A thin film comprising silk peptide and cellulose nanofibrils implanting on the electrospun poly(lactic acid) fibrous scaffolds for biomedical reconstruction

Conjunctival reconstruction using biocompatible polymers constitutes an effective treatment for conjunctival scarring and associated visual impairment. In this work, a thin film comprising silk peptide (SP), cellulose nanofibrils (CNF) and Ag nanoparticles (AgNPs) that implanted on the poly(lactic acid) (PLA) electrospun fibrous membranes (EFMs) was designed for biomedical reconstruction. SP and CNF as thin films can improve the surface hydrophilicity of the as-prepared scaffolds, which synergistically enhanced the biocompatibility.

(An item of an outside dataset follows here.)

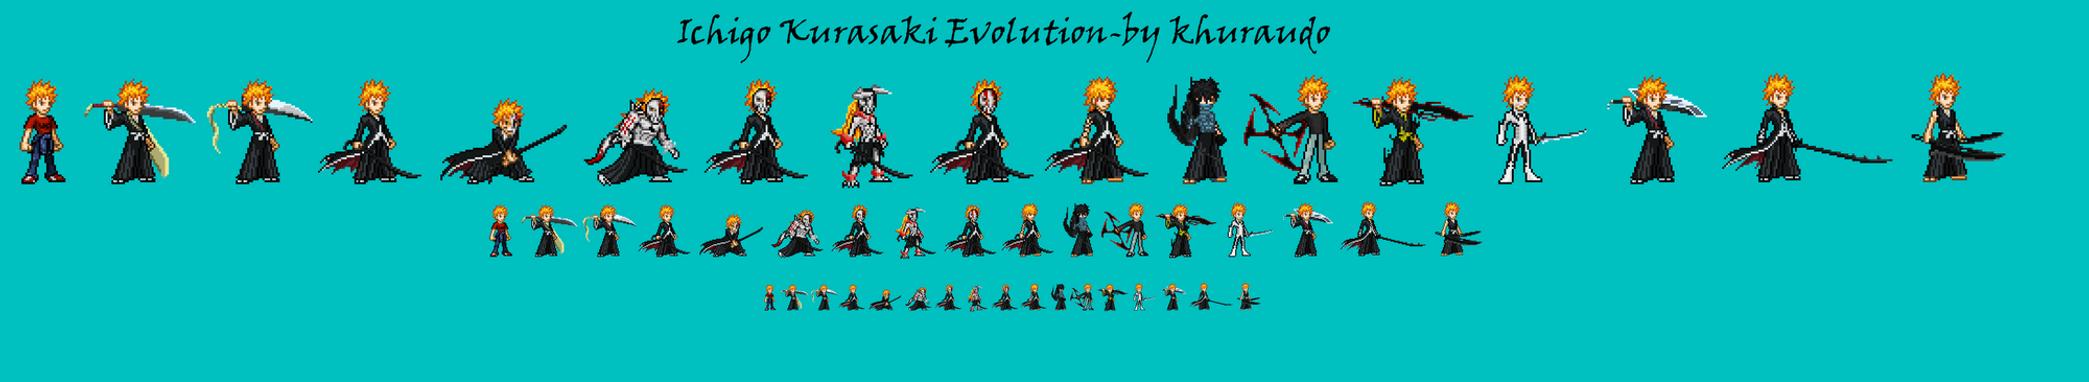 Ichigo Kurosaki Evolution by khuraudo by khuraudo
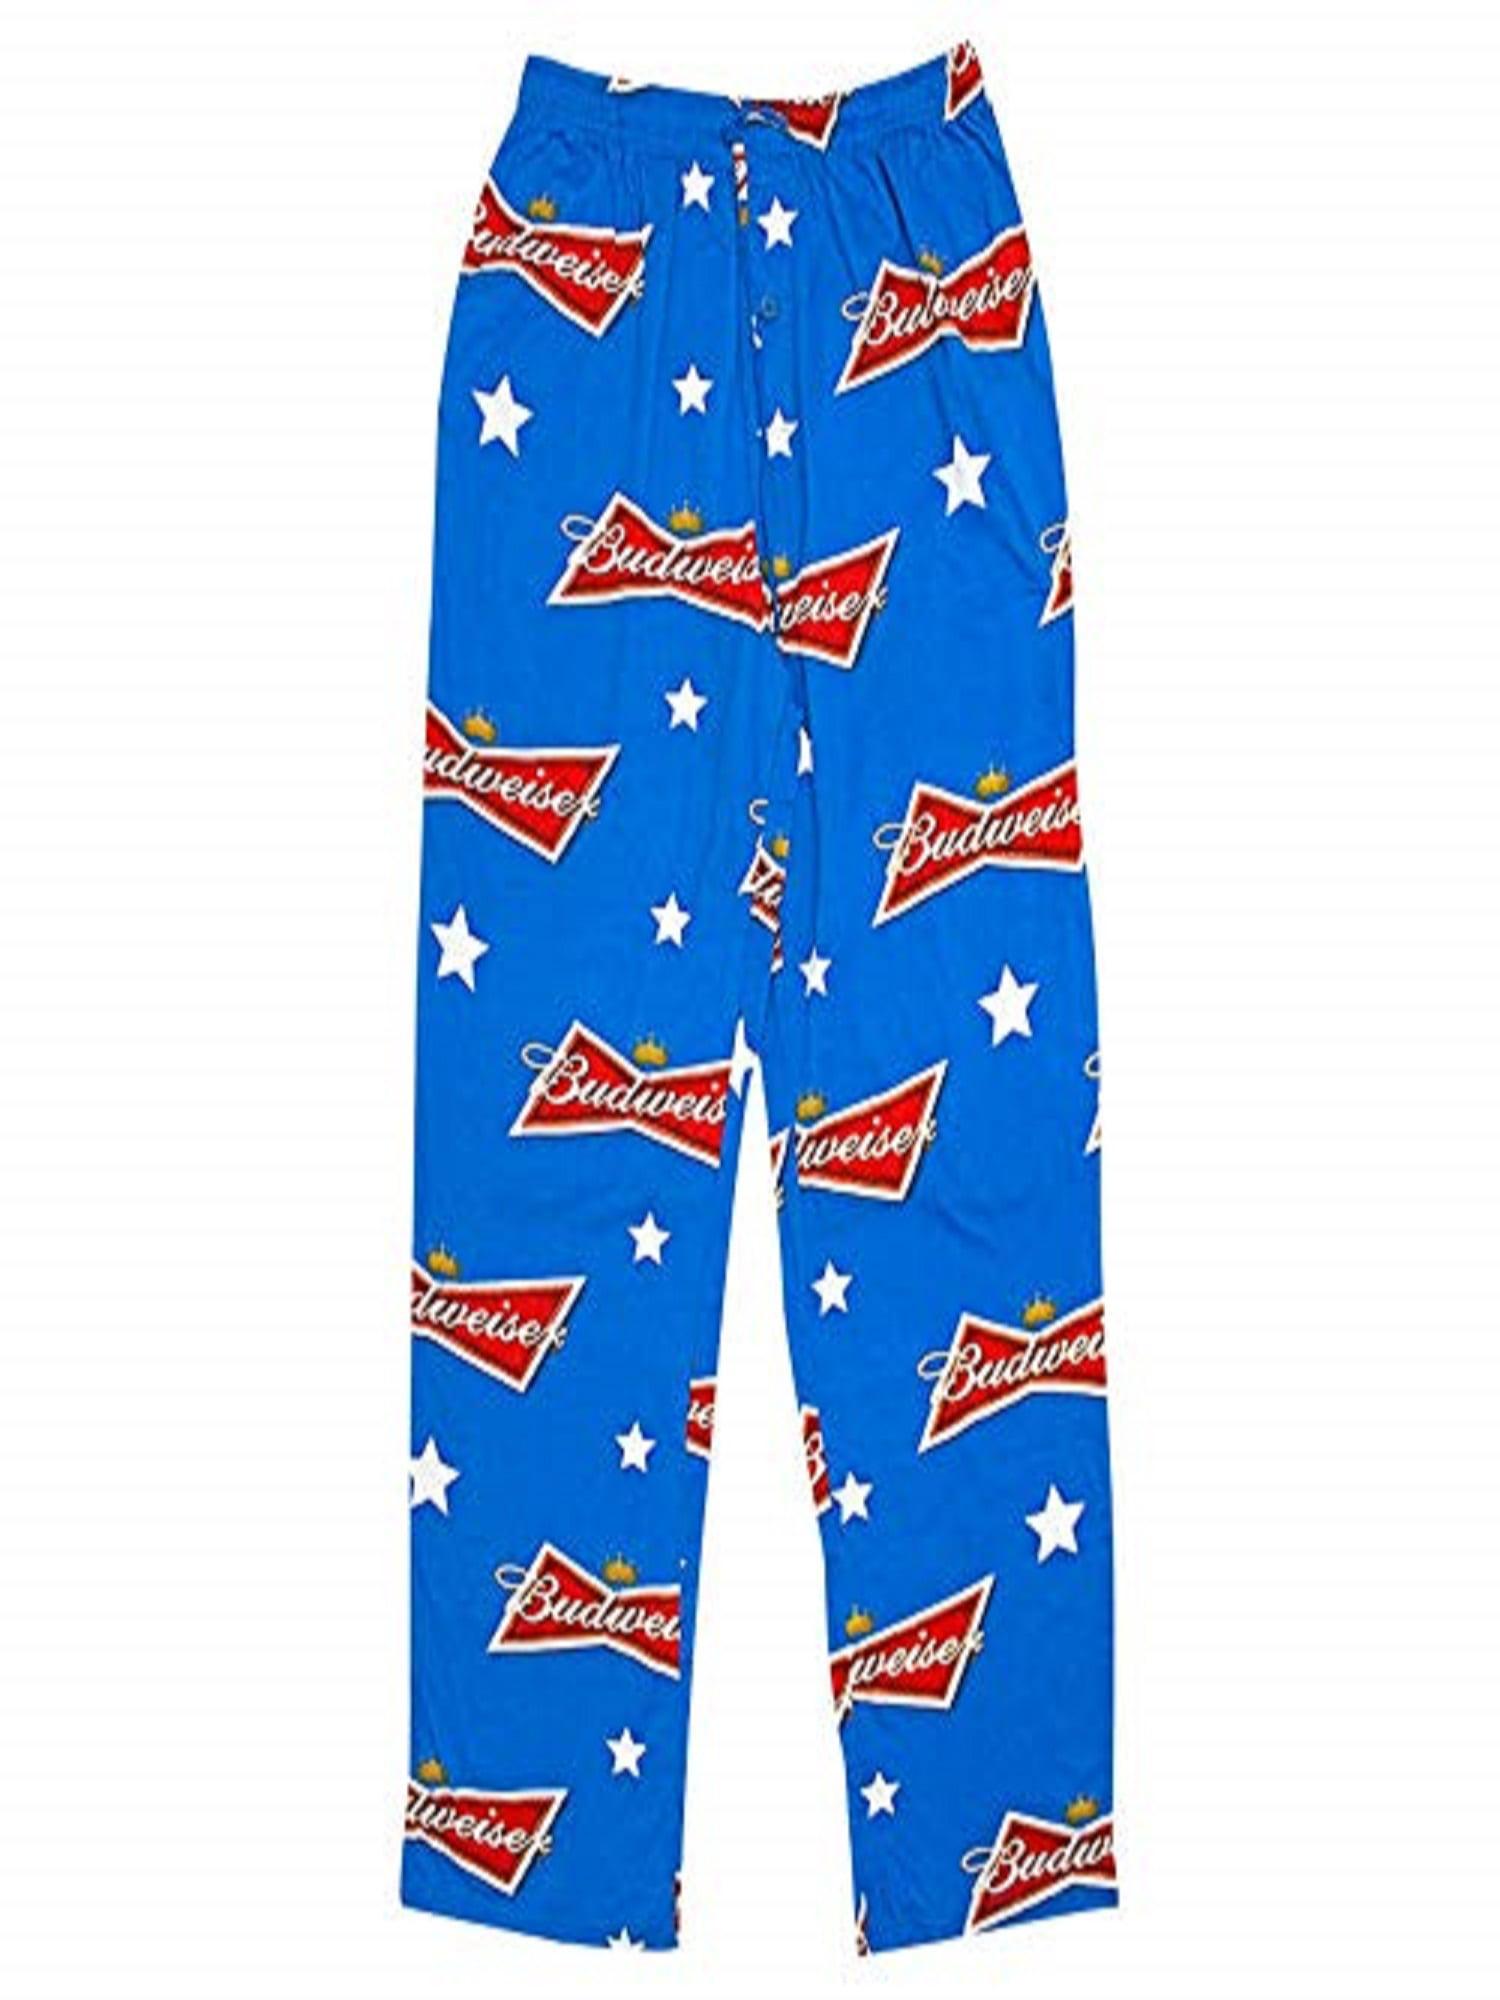 Men/'s Budweiser Pajamas Pants Fleece Novelty Sleep Wear Beer Party Attire Blue

In in vivo experiments, the developed PLA EFMs modified with 3 wt% SP/CNF/AgNPs could be easily manipulated and transplanted onto conjunctival defects in rabbits, consequently accelerating the structural and functional restoration of the ocular surface in 12 days. Additionally, incorporation of 0.30 mg/g AgNPs efficiently reduced the topical application of antibiotics without causing infections. Thus, these resultant scaffolds could not only serve as useful alternatives for conjunctival engineering, but also prevent infections effectively with a very low content of AgNPs.

Automated summary

A thin film composed of silk peptide, cellulose nanofibrils, and silver nanoparticles was developed for conjunctival reconstruction. The film improved the surface hydrophilicity of the scaffolds and enhanced biocompatibility. In vivo experiments on rabbits demonstrated that the modified film effectively restored the ocular surface structure and function within 12 days.